## Directions
The task calls for an exact retyping of the lines from the one holding "ALDI imitates the" through the end of the listing, with pictures omitted and nothing added.

## Data segment
+ + + + + + +
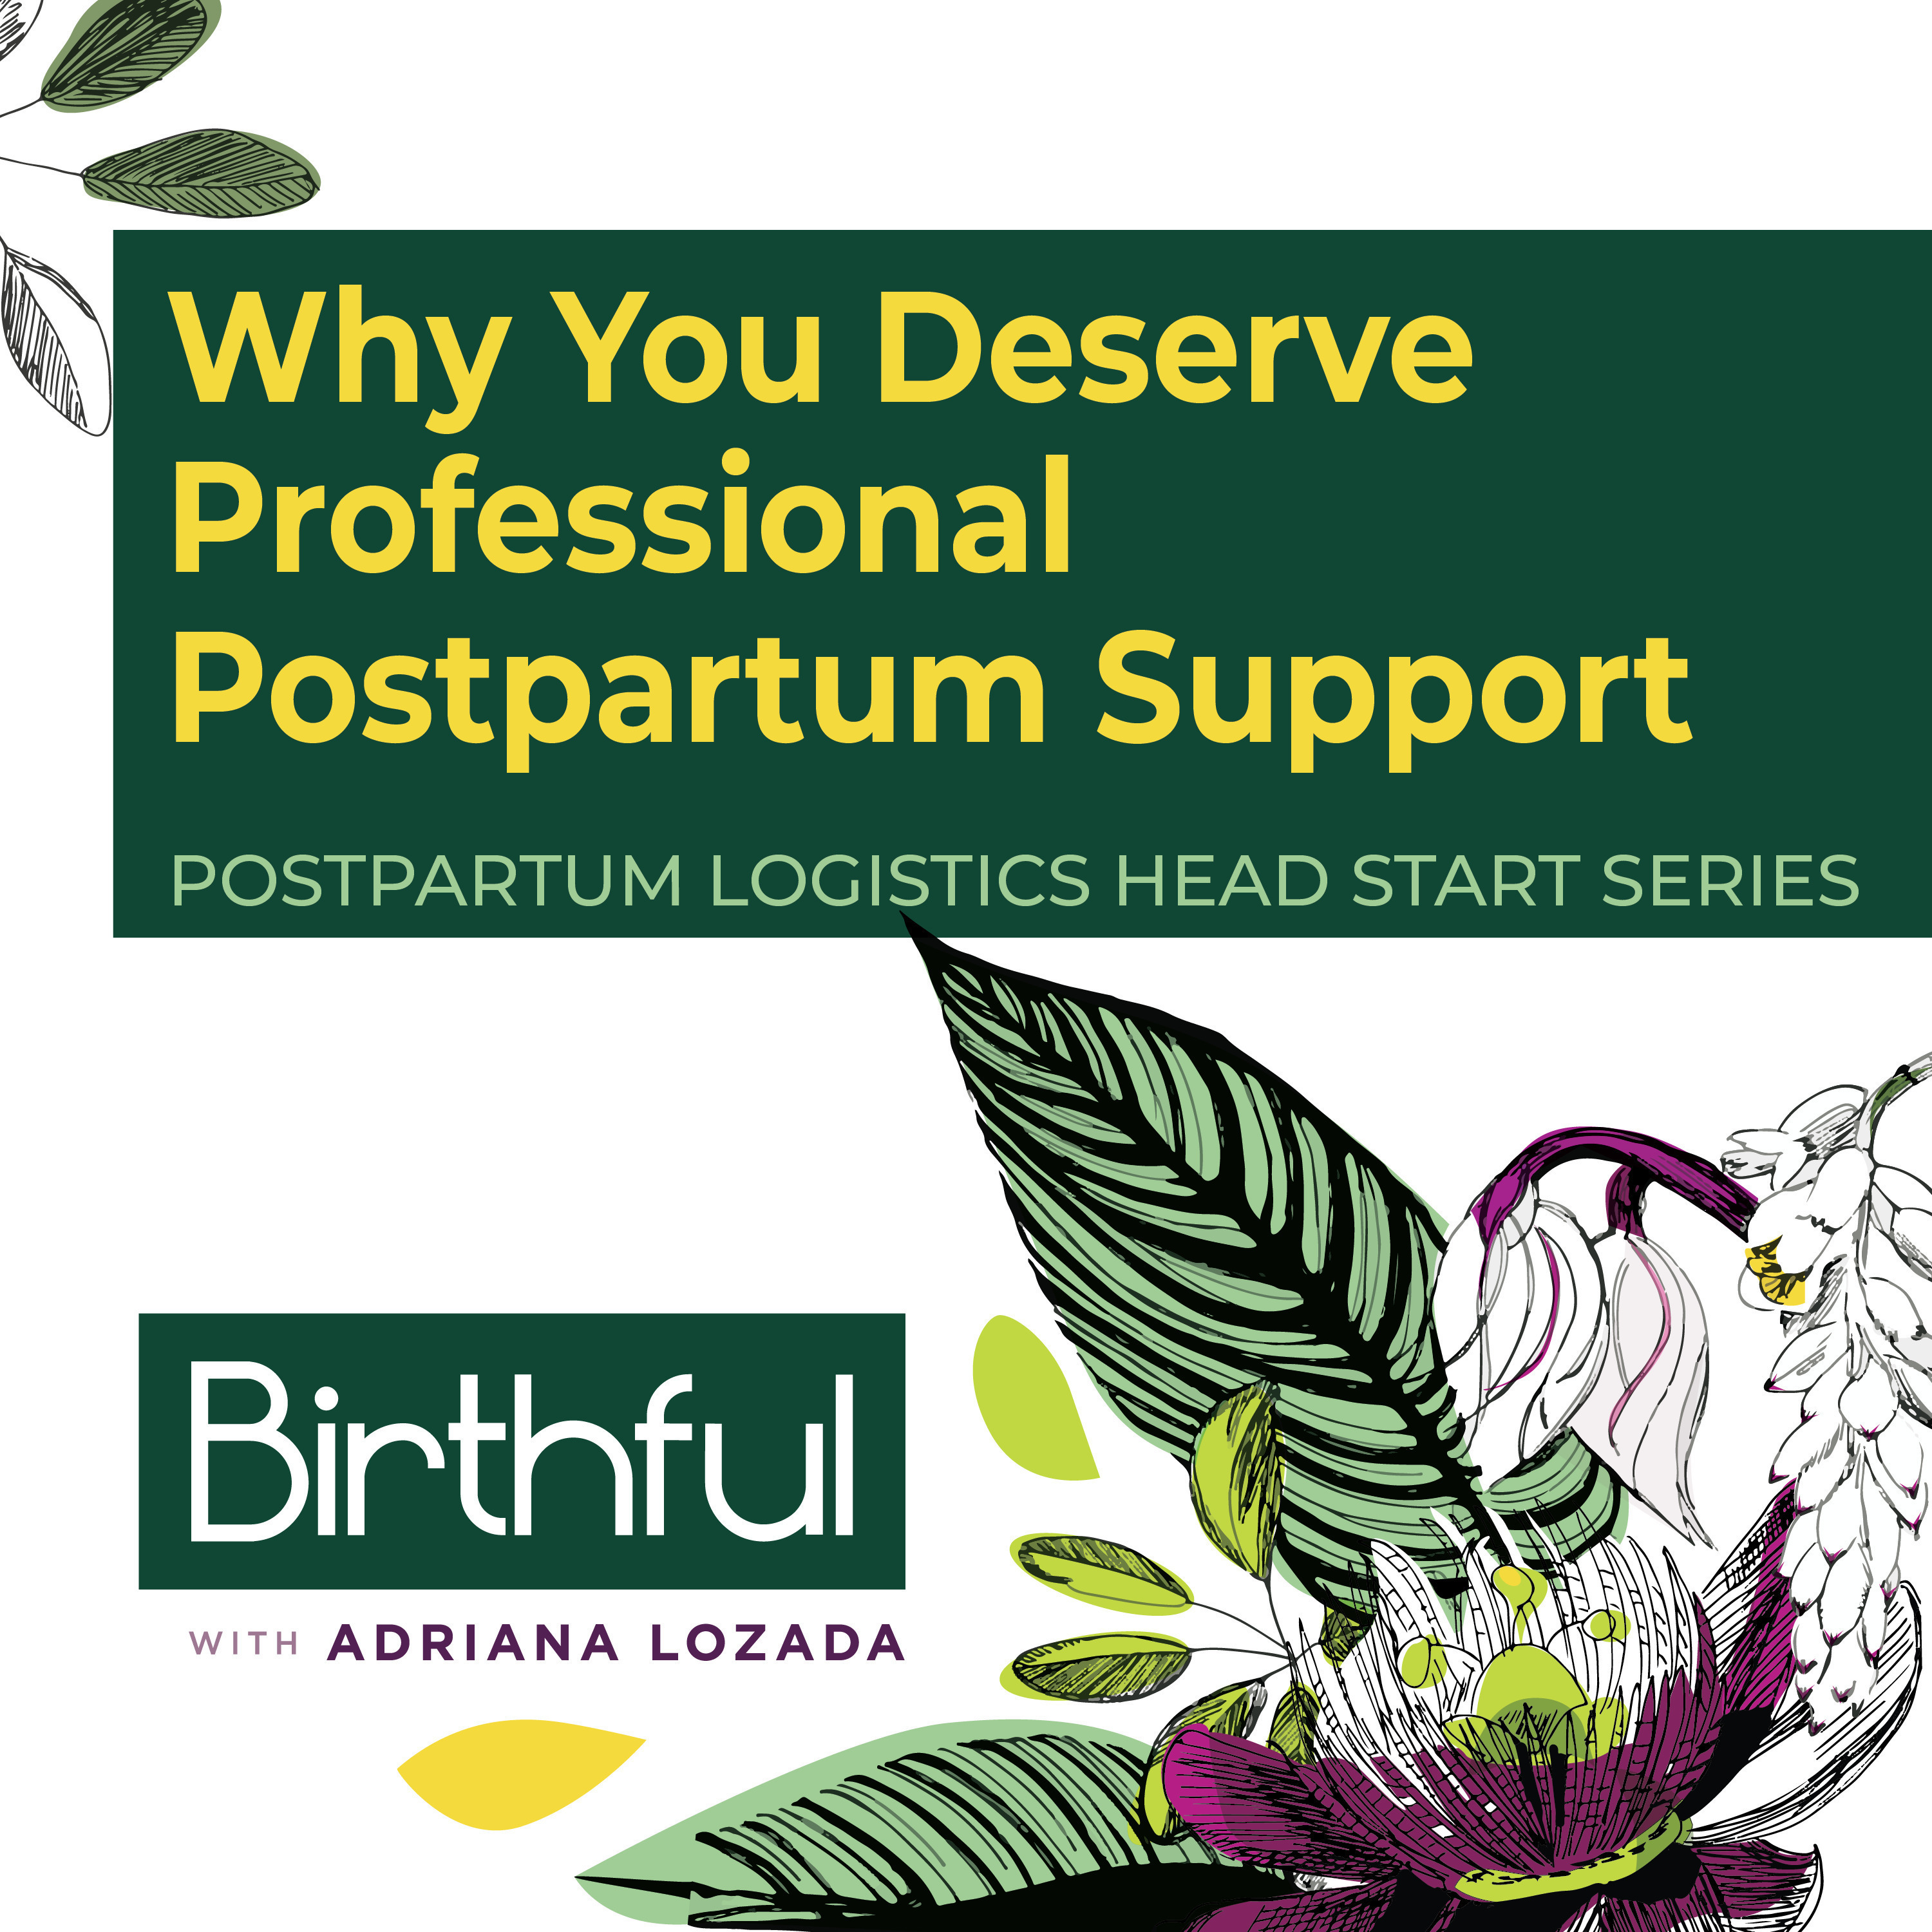 Why You Deserve Professional Postpartum Support (And How to Afford It!)
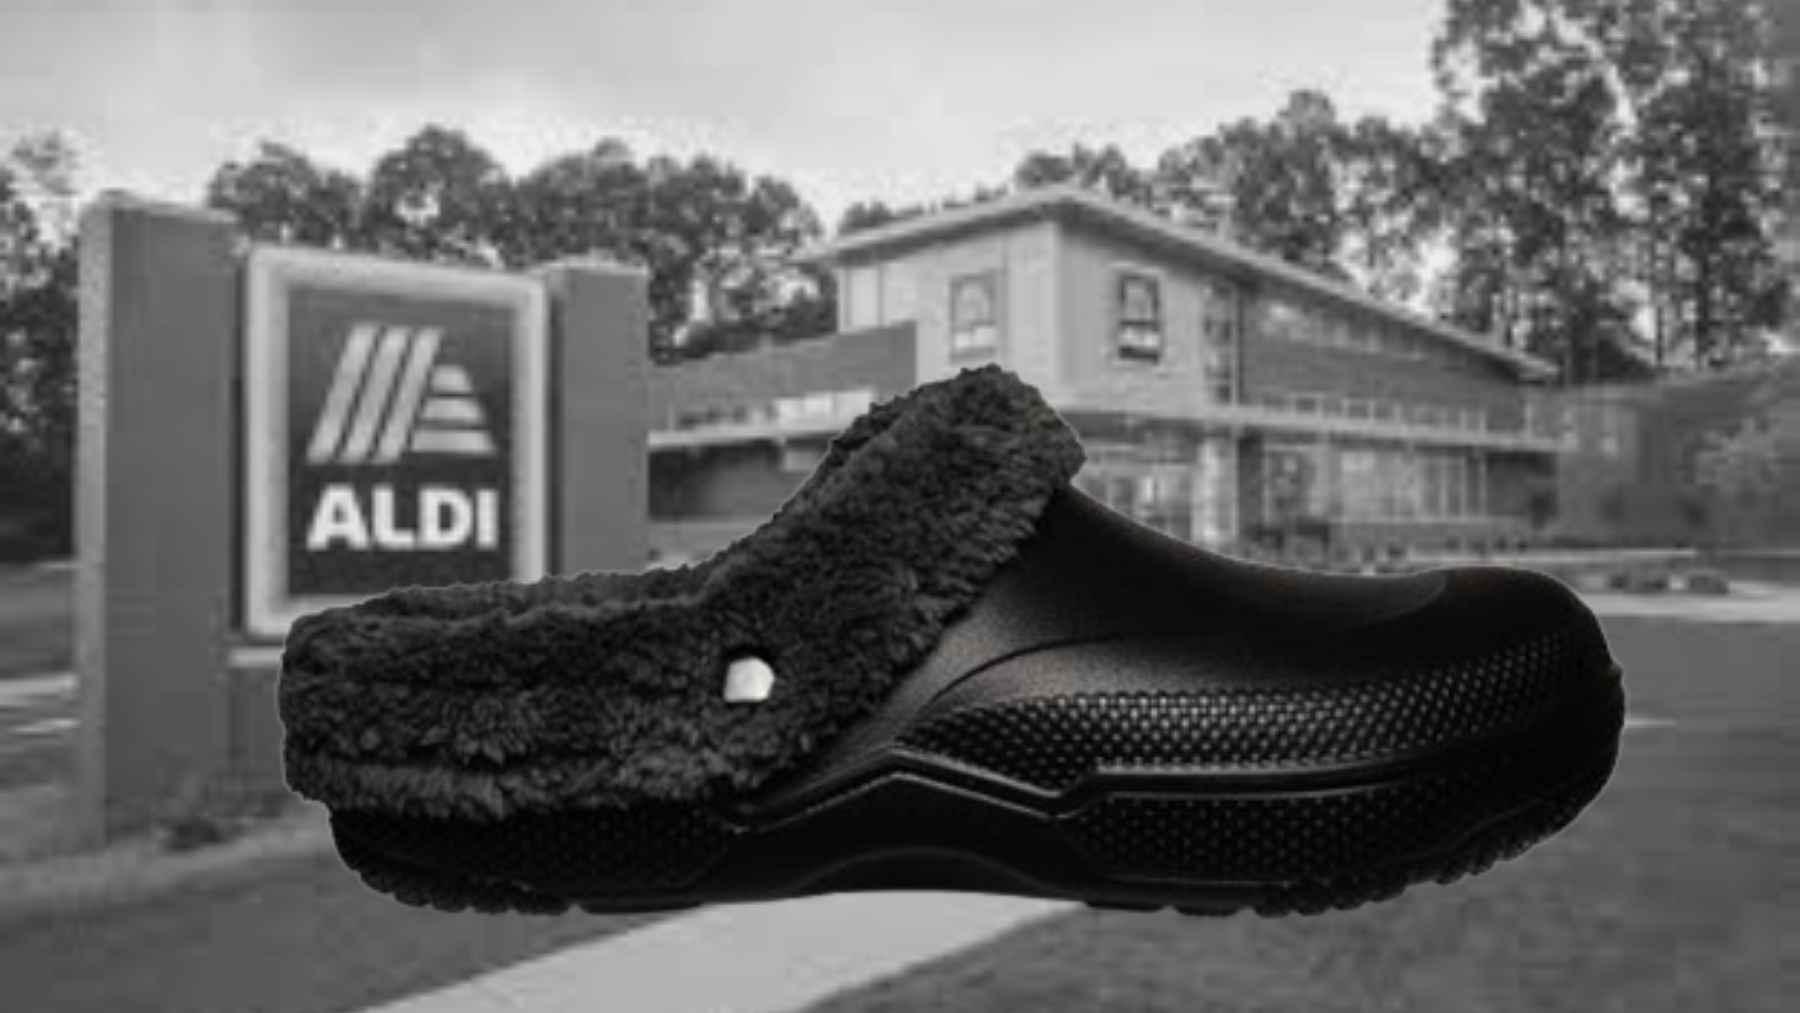 ALDI imitates the most classic Crocs clogs that protects from the cold
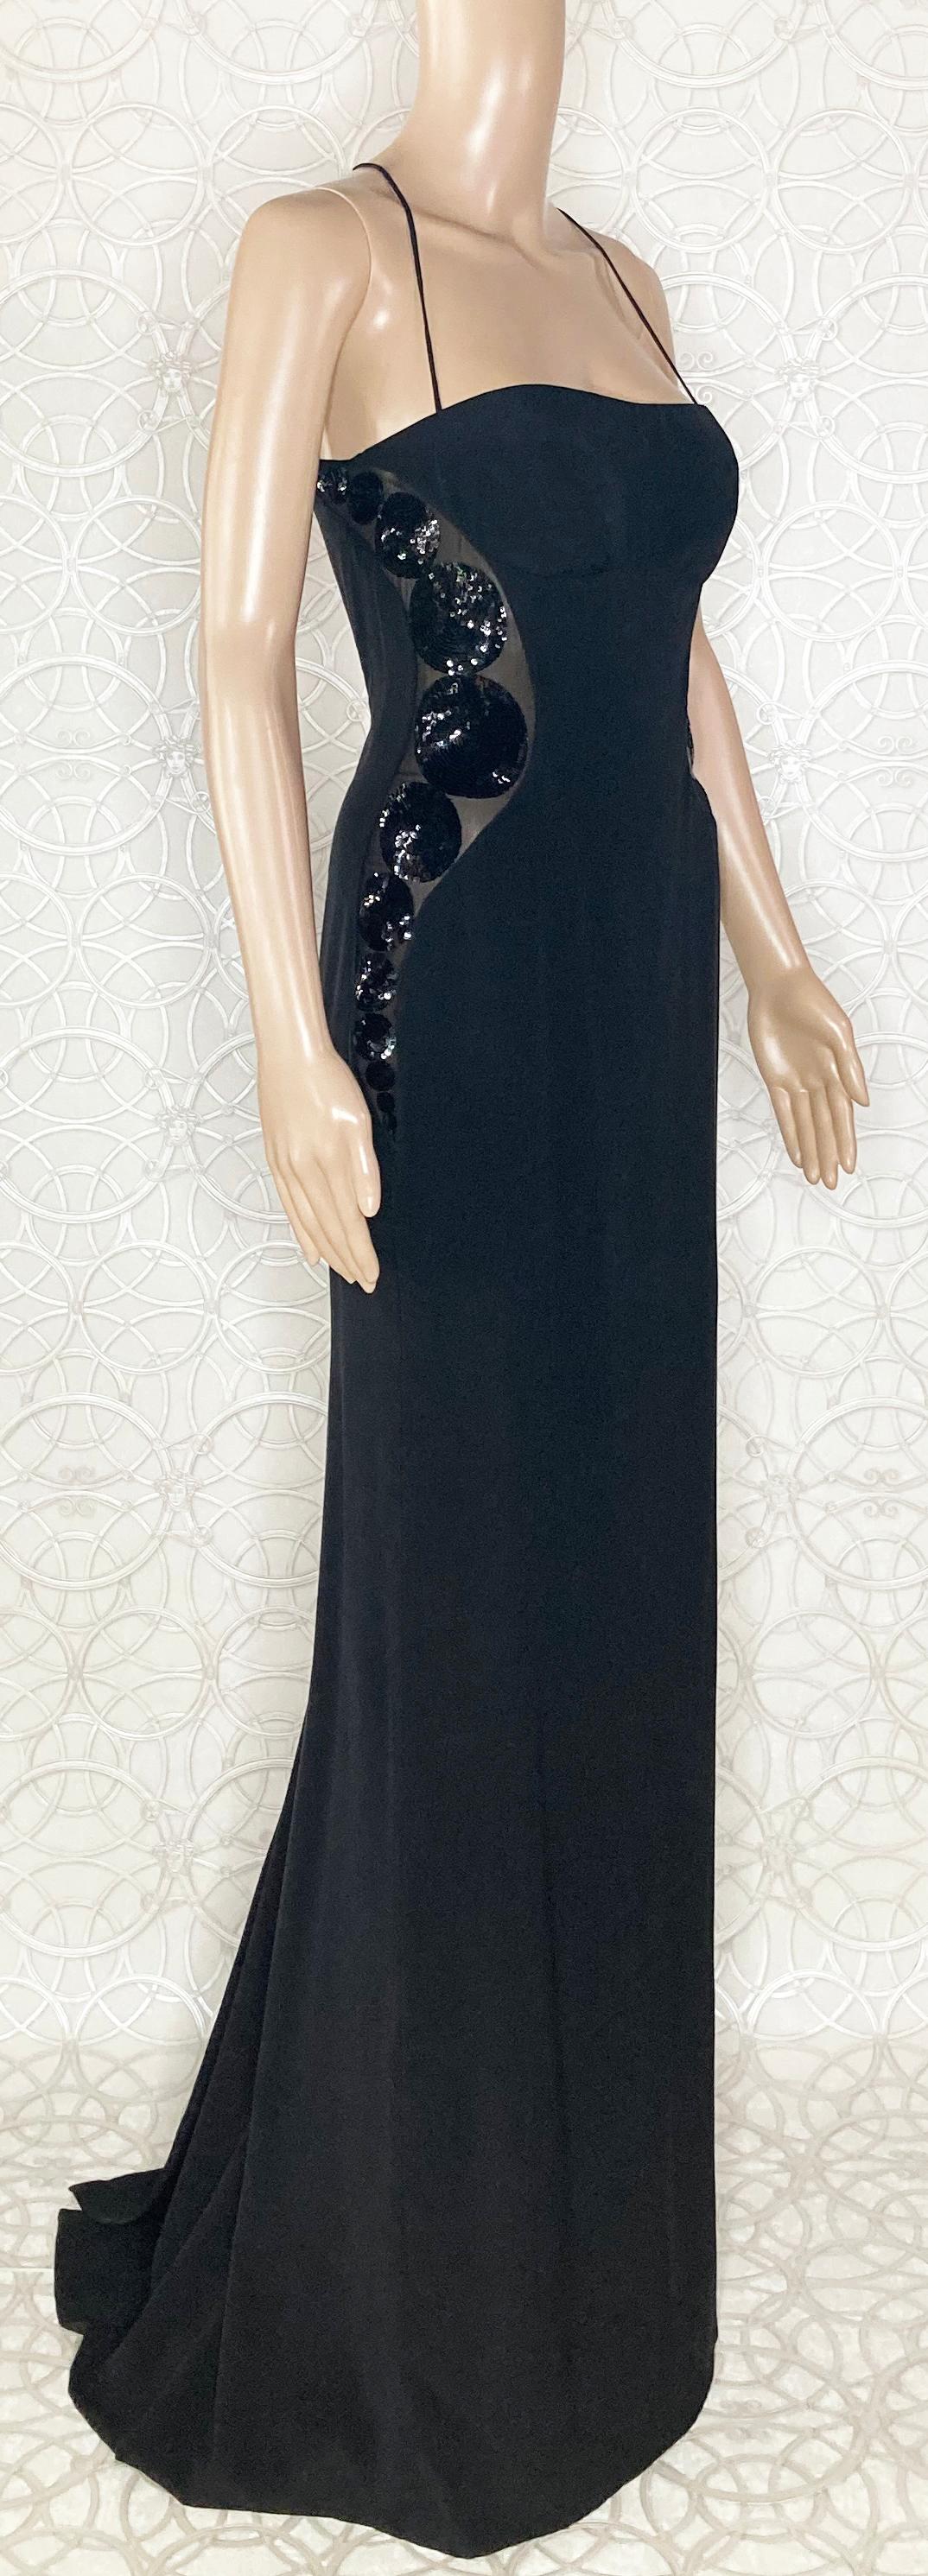 VERSACE BLACK PAILLETE DETAIL and OPEN BACK SILK LONG GOWN Dress 38 -2 For Sale 3
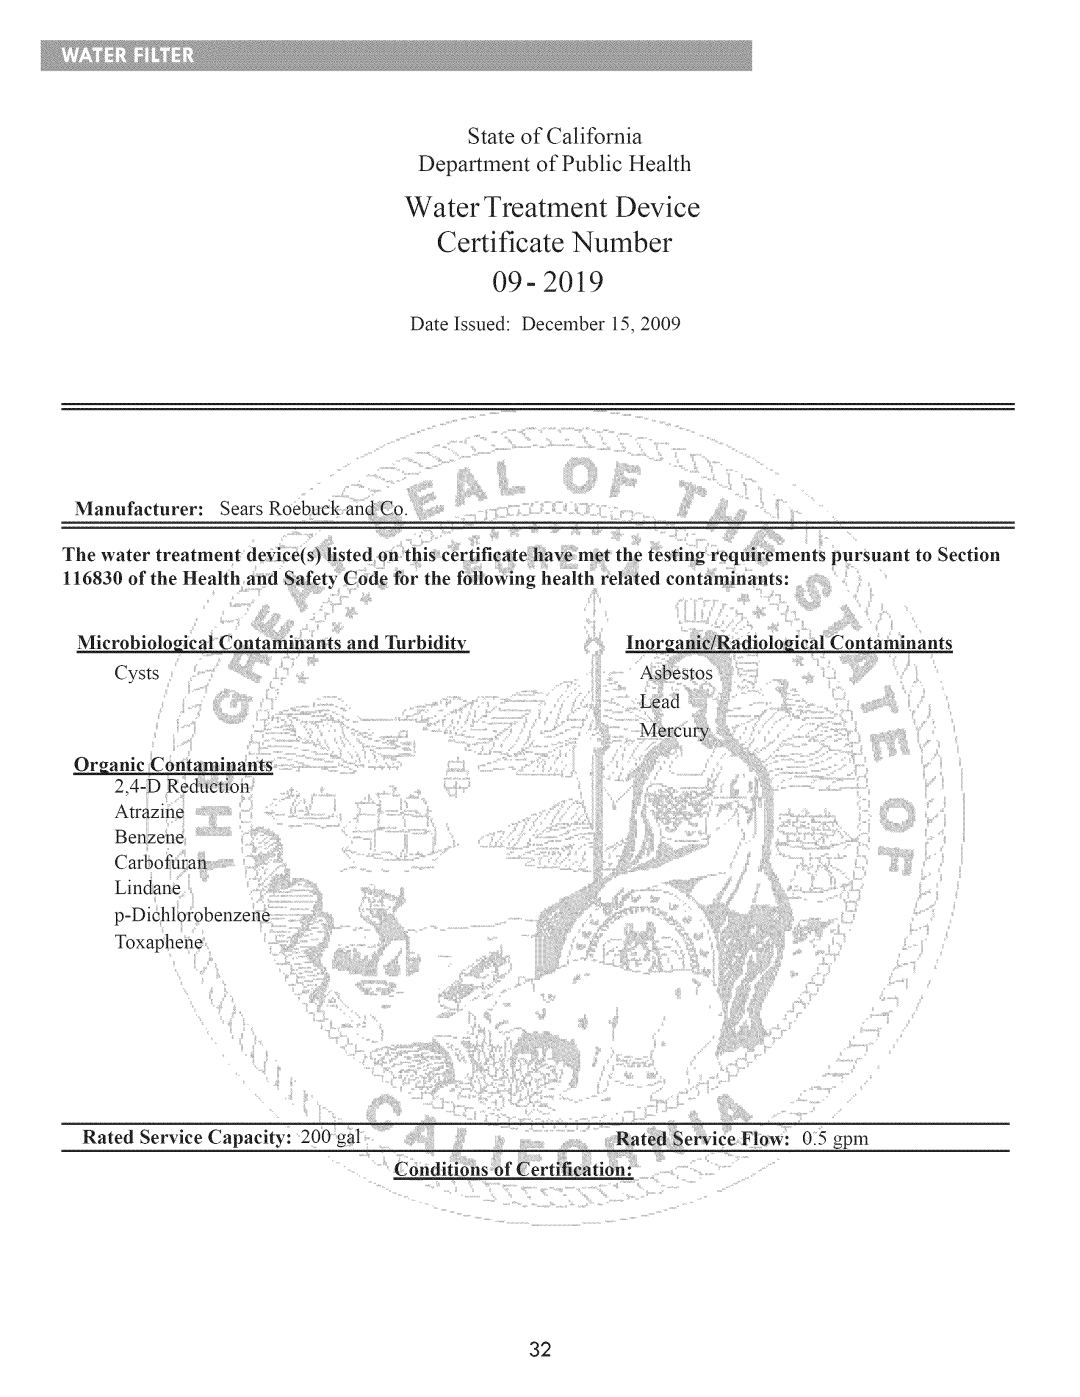 Kenmore 795.7205 Water Treatment Device Certificate Number, State of California Department of Public Health, Toxaphene
+ + + + + + +
## Response to this exercise
 ALDI imitates the most classic Crocs clogs that protects from the cold
 VERSACE BLACK PAILLETE DETAIL and OPEN BACK SILK LONG GOWN Dress 38 -2 For Sale 3
 Kenmore 795.7205 Water Treatment Device Certificate Number, State of California Department of Public Health, Toxaphene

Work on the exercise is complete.